Negative effects of long-term sleep

  • heart disease

  • diabetes

  • obesity

  • Muscle pain

  • insanity

  • hormonal abnormalities

  • decrease in immunity

These are just some of the negative effects of chronic sleep deprivation, or the same… Consequences of not getting enough sleep, according to the Sleep Foundation. A sleep expert explains that we need to incorporate at least a consistent and healthy amount of time into our sleep habits.

According to the American Academy of Sleep Medicine (AASM), if you’re an adult, you should be getting at least seven hours of sleep a night. “Seven to eight hours of sleep per night is usually enough for most adults to feel alert and well-rested during the day.,’ said Dr. Mehwish Sajid, a staff member at the Sleep Disorders Center at the University of Michigan.
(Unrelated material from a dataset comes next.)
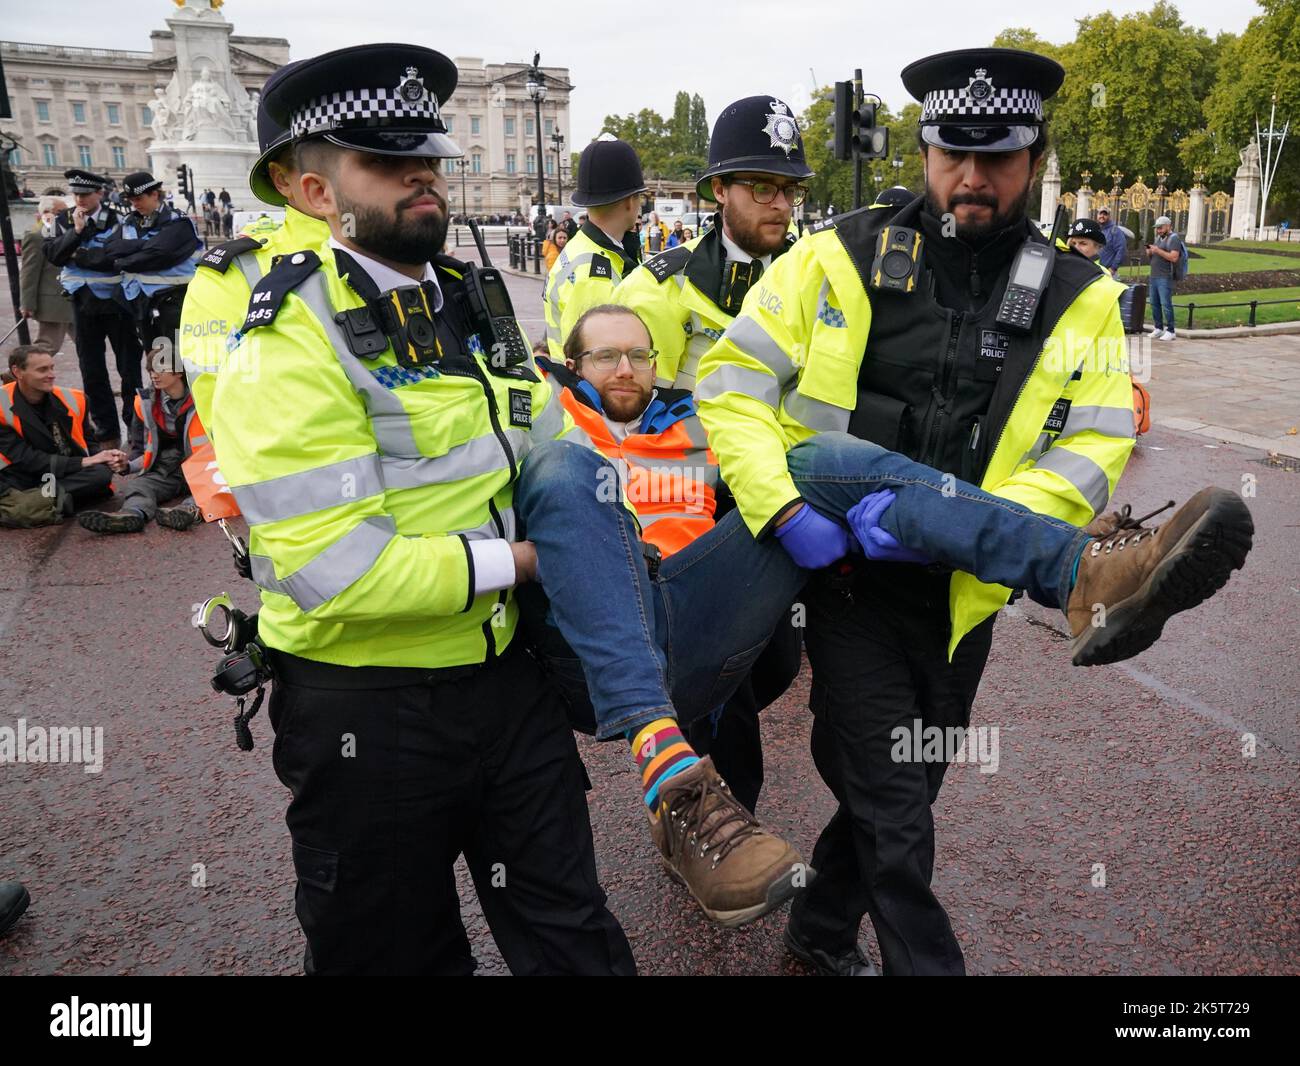 Polizeibeamte entfernen einen Aktivisten aus einem Just Stop Oil-Protest in der Mall, in der Nähe des Buckingham Palace, London. Aktivisten blockieren seit Anfang Oktober Straßen im Zentrum von London, als Teil ihrer Kampagne, zukünftige Gas- und Ölprojekte zu stoppen. Bilddatum: Montag, 10. Oktober 2022. Stockfoto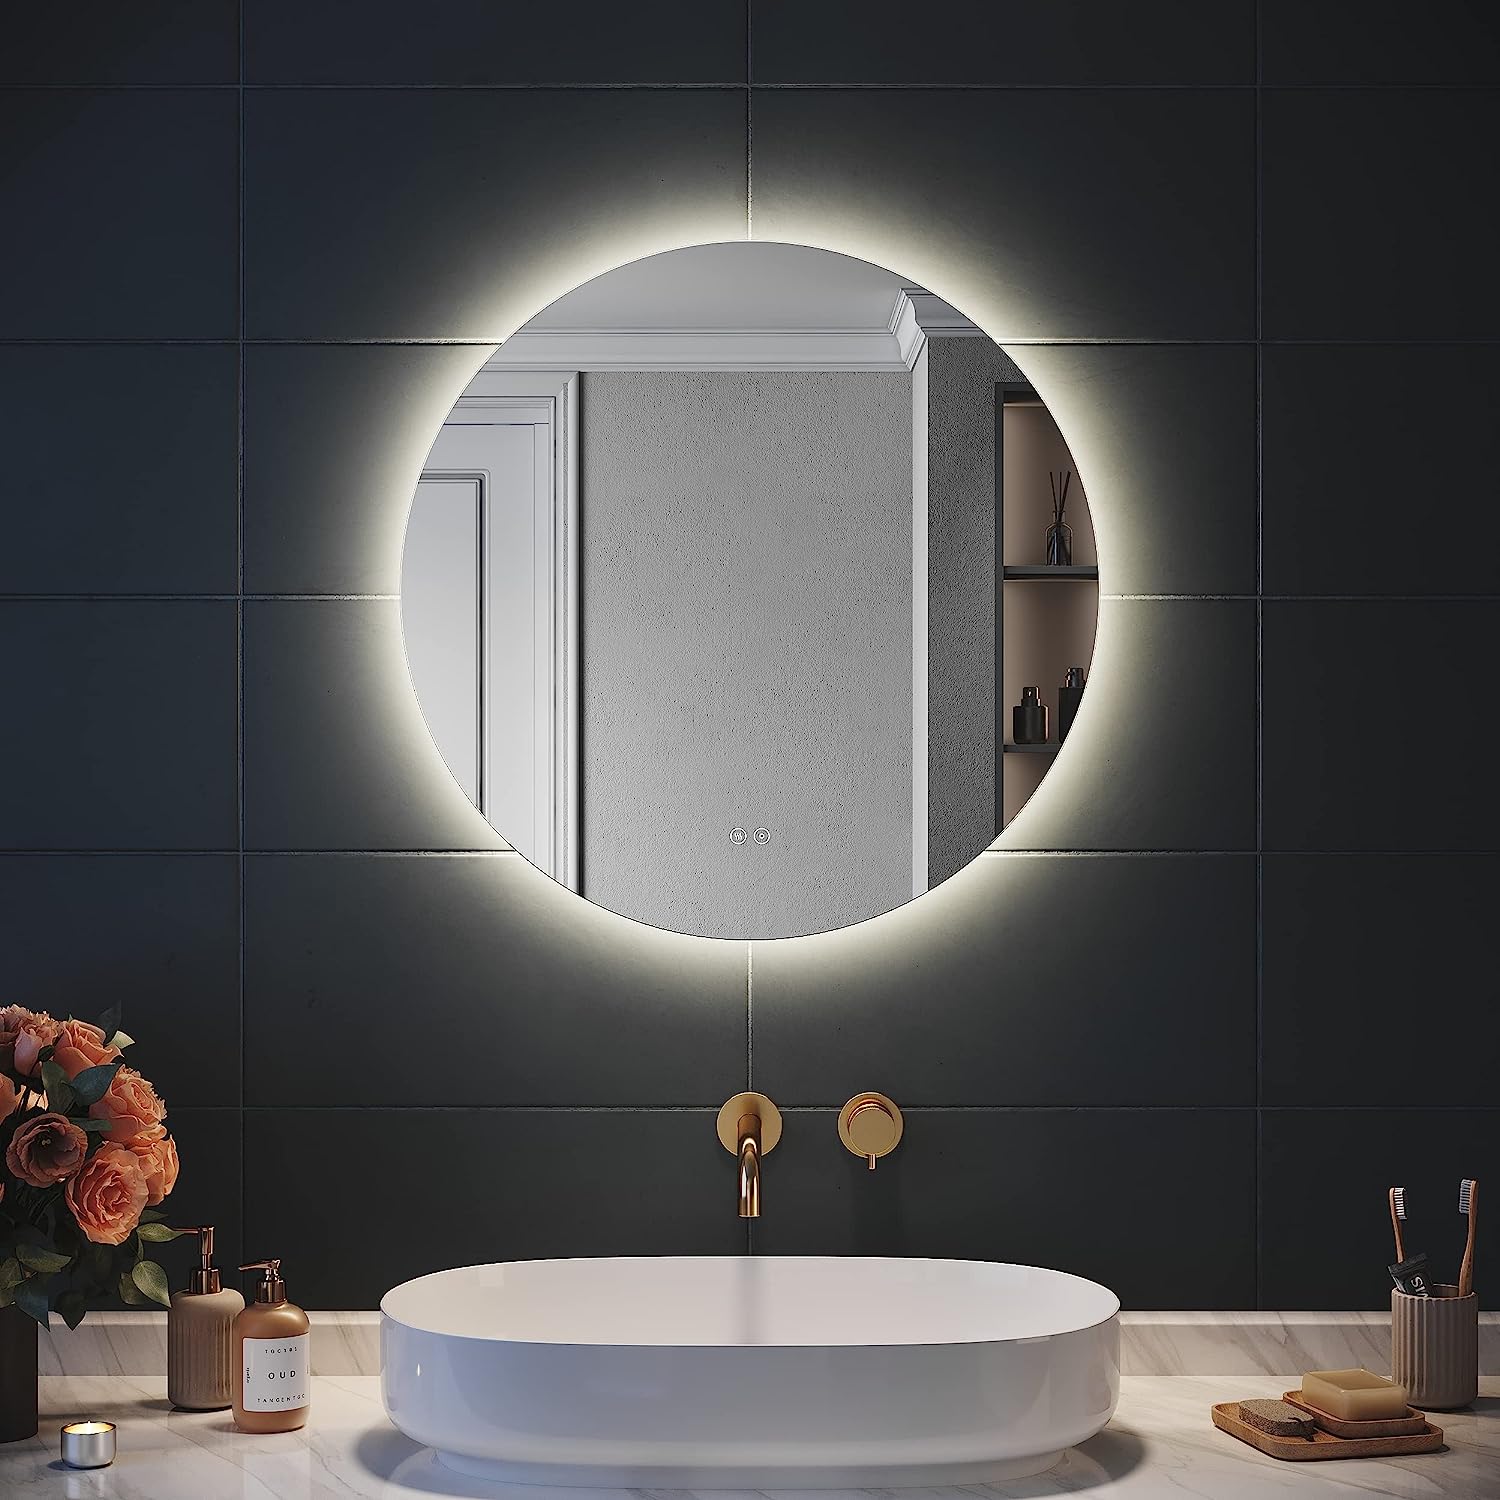 LED Miroir De Salle De Bain Rond,miroir salle bain avec éclairage

Say goodbye to insomnia: How to sleep soundly again with these expert tips

In fact, the exact number depends on each organism, he assures. Of course, even if you think that because of your size, spending less will suffice… Seven hours is recommended. If you can use something else to boost your sleep during your nap…do it!

Precise time to sleep and rest at night

Dr. Sajid adds that the optimal time for sleep is 10 p.m., although it’s not a firm rule. “The best time to sleep is when you’re sleepy,” although he explained, “Sometimes people can make the mistake of going to bed before they’re tired. She was then faced with lying in bed waiting to fall asleep. ”

What if you can’t sleep?

As I said earlier, the recommended amount of sleep is at least seven hours, so if you’re going to be waking up early… do the math. When do I have to go to bed to ensure rest? And most importantly… what if I can’t sleep right now?

  • minimize exposure to light

  • Avoid having handheld electronic devices (cell phones) nearby

Sajid explains, “Going to bed at the same time each night keeps you on a consistent circadian rhythm, which is your body’s natural sleep and wake clock.” Additionally, he adds, “your circadian rhythm controls your sleep drive and affects daytime alertness.”

“This sleep pattern is known as ‘social jetlag,’ and over time, it can lead to sleep deprivation that can negatively impact your daytime performance, leading to mood swings, weight gain, and even elevated blood pressure and blood sugar,” Dr Sajid argued. therefore, Even if you don’t get up early, try to respect your routine as much as possible.

Tips for falling asleep easily even when you don’t want to

  • read a book

  • Avoid electronic screens half an hour before bedtime

  • Don’t eat too much food before bed

  • Make sure you have a cool, dark sleeping environment

  • Don’t Add Caffeine to Your Dinner

  • Do not consume nicotine or alcohol four to six hours before bed

  • Don’t go to the gym a few hours before bed

  • Include relaxing and stimulating activities before bed, such as yoga or meditation.

4-7-8 Technique Can Fight Insomnia, According to Harvard University

Insomnia is a sin that can alter your routine to unexpected limits, but Scientists at Harvard University seem to have found a solution to combat it in under a minute. This is the “4-7-8” technique.

It sounds simple enough, and, again, it doesn’t mean using any equipment or anything other than your own breath. Because it is based precisely on it, or rather on restoring its natural rhythm to attract sleep in seconds. process? It’s simple: lying in a comfortable, relaxed position, you should start thinking about the numbers 4, 7, and 8 and practice breathing around them. First, you breathe in for four seconds; then, hold it in your lungs for seven seconds, and finally, breathe out through your mouth for eight seconds. All this while placing the tip of the tongue on the roof of the mouth.

It’s a natural, scientifically based process designed to restore a relaxed breathing rhythm. Its discoverer, Harvard Medical School scientist Andrew Weil, explains that sleep problems are largely due to bad breath caused by stress, anxiety or caffeine intake.